### Task goal
Could you set down exactly the lines of the data below, starting at the one that holds "logotypy lokalnych mediów" and ending at the one that holds "Strategia Rozwoju Województwa", both included, and only those?

================================

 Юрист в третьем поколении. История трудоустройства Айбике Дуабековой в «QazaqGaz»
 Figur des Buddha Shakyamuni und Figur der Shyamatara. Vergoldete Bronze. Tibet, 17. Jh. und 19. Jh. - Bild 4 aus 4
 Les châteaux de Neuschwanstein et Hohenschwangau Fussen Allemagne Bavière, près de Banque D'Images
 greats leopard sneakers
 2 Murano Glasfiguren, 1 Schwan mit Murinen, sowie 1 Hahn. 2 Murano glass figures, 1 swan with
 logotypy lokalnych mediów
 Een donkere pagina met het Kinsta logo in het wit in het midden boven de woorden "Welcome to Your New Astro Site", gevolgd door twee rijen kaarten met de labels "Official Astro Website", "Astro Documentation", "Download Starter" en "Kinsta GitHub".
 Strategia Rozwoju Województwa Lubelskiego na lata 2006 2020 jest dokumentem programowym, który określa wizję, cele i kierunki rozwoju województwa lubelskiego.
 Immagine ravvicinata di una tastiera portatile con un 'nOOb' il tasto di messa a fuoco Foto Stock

================================

### Task result
 logotypy lokalnych mediów
 Een donkere pagina met het Kinsta logo in het wit in het midden boven de woorden "Welcome to Your New Astro Site", gevolgd door twee rijen kaarten met de labels "Official Astro Website", "Astro Documentation", "Download Starter" en "Kinsta GitHub".
 Strategia Rozwoju Województwa Lubelskiego na lata 2006 2020 jest dokumentem programowym, który określa wizję, cele i kierunki rozwoju województwa lubelskiego.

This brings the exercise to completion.